Originally written for the Ron/Pansy Fest and posted on September 2, 2009. Original Prompt: 3) As his marriage with Hermione begins to fall apart, Ron finds himself turning to Pansy. Why and whether it is emotional or physical cheating is up to you—but I'd like something that makes me feel for all three of them.

Disclaimer: (c) 2009 Rabble Rouser/Harmony_bites. All rights reserved. This work may not be archived, reproduced, or distributed in any format without prior written permission from the author. This is an amateur nonprofit work, and is not intended to infringe on copyrights held by Paramount or any other lawful holder.

Thanks so much to djinn_fic for her beta and lifeasanamazon for the Britpick. You guys are awesome!


Return to Me

I can't believe he can love Pansy, anymore than I can believe Ron ever even liked Lavender. It's never been about the other girl, but about the two of us. Ron would rather be hit with a bludger and fall from a broom and suffer a concussion than deal with a deeper hurt. He's always been insecure. Ginny tells him I must have kissed Viktor, and it doesn't matter that he's over a thousand miles away or that the kiss had been two years ago, or that I had just asked Ron out-all that mattered was that he hurt.

It wasn't the big things that stymied us. Mum was never crazy about Ron and me. She felt he was fine by himself, but we weren't for each other. When she first went to the Burrow for Christmas to visit the Weasleys, her face scrunched up in a way that outdid Narcissa Malfoy at her worst. And I'll never forget her absolutely blank look as Molly listed who'd be there that day and mum realised Molly had seven children. Mum somehow got the idea from "such a brood" that Ron wanted to keep me barefoot and pregnant until we had our own Quidditch team. Please, Ron had enough as the youngest of the boys of hand-me-downs and "no you can't have this" and attention ladled out with a teaspoon with six other pairs of hands tugging at sleeves. He didn't want that for us.

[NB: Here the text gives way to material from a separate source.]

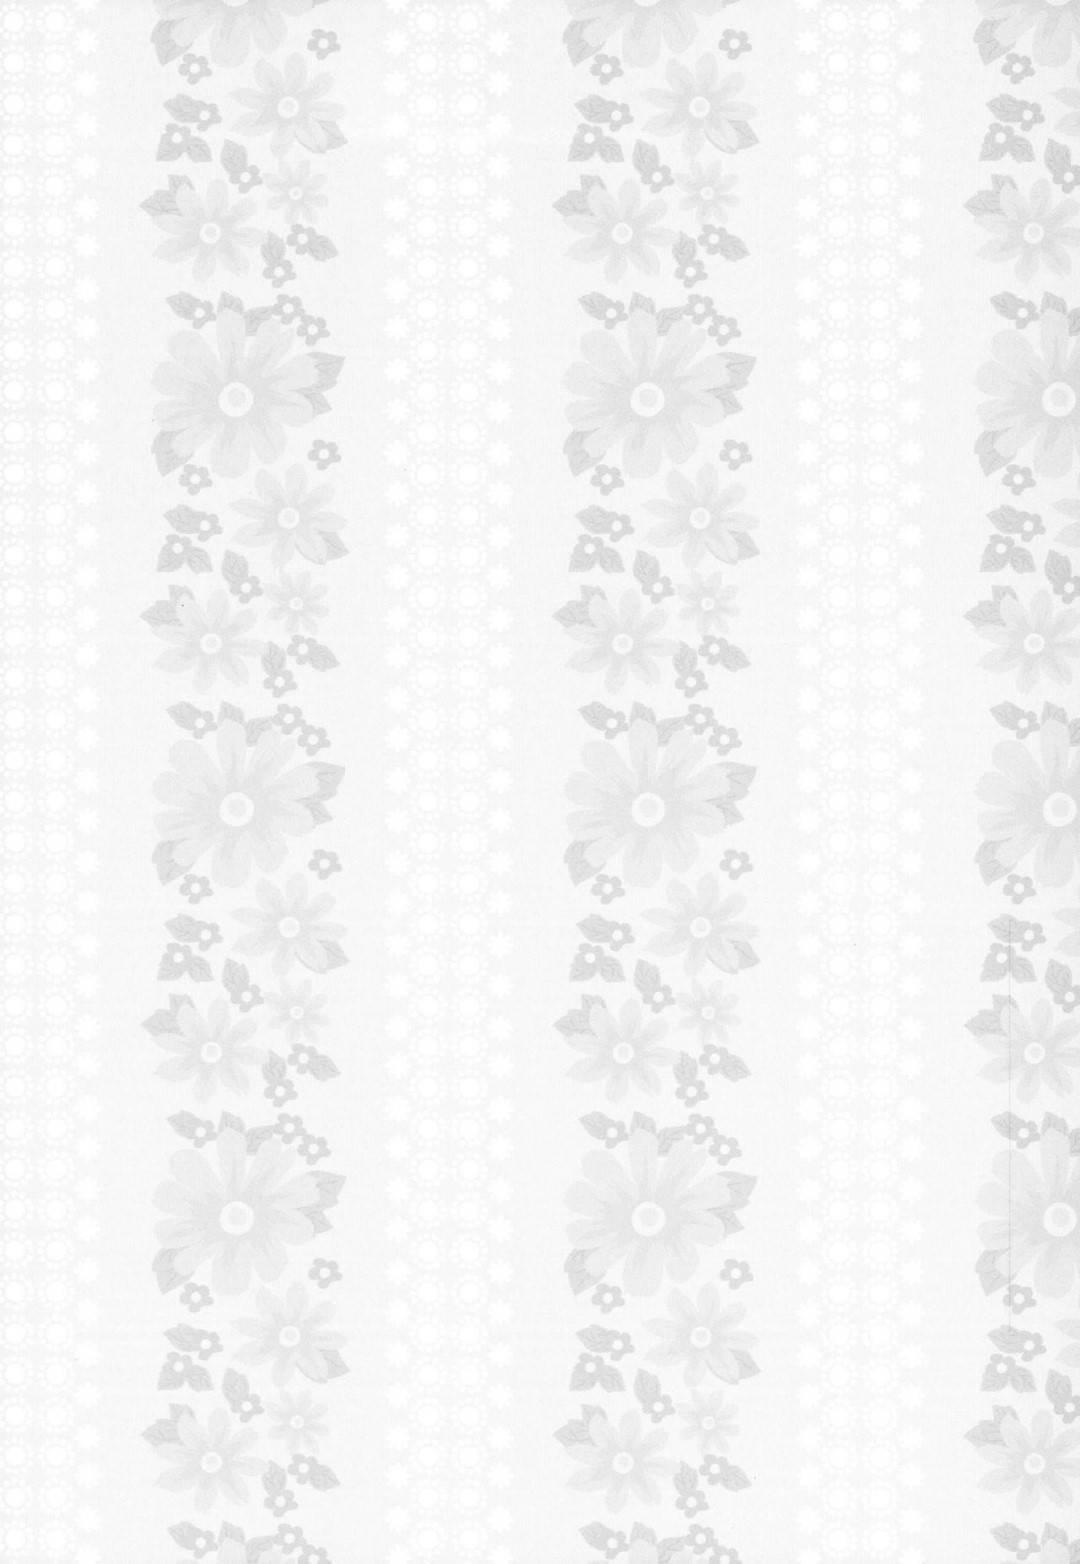 【うたプリエロ漫画】エアコンの壊れた部屋で過ごす春歌と蘭丸。暑さのあまり服を脱いだ二人だったが、そんな事をしている内にムラムラしてそのまま汗だくセックスしてしまう。乳首を舐められて敏感になった彼女をクンニや手マンでイカせて生挿入!【CELICA】

No, our first major fight after we got married was when I looked under the bed for a dropped earring and found he had stuffed weeks of laundry under the bed rather than do it. I had been worn out for weeks working on house-elves legislation and when he came in the door right at that moment I tore into him, calling him lazy and that he might be "used to living in a sty-"

His face froze, and in that instant I knew I'd hit him worse than any flock of canaries, used a phrase right from the Malfoy/Parkinson book. He didn't say a word, slamming the door before I could unfreeze and apologise and right after I heard the pop of Apparition.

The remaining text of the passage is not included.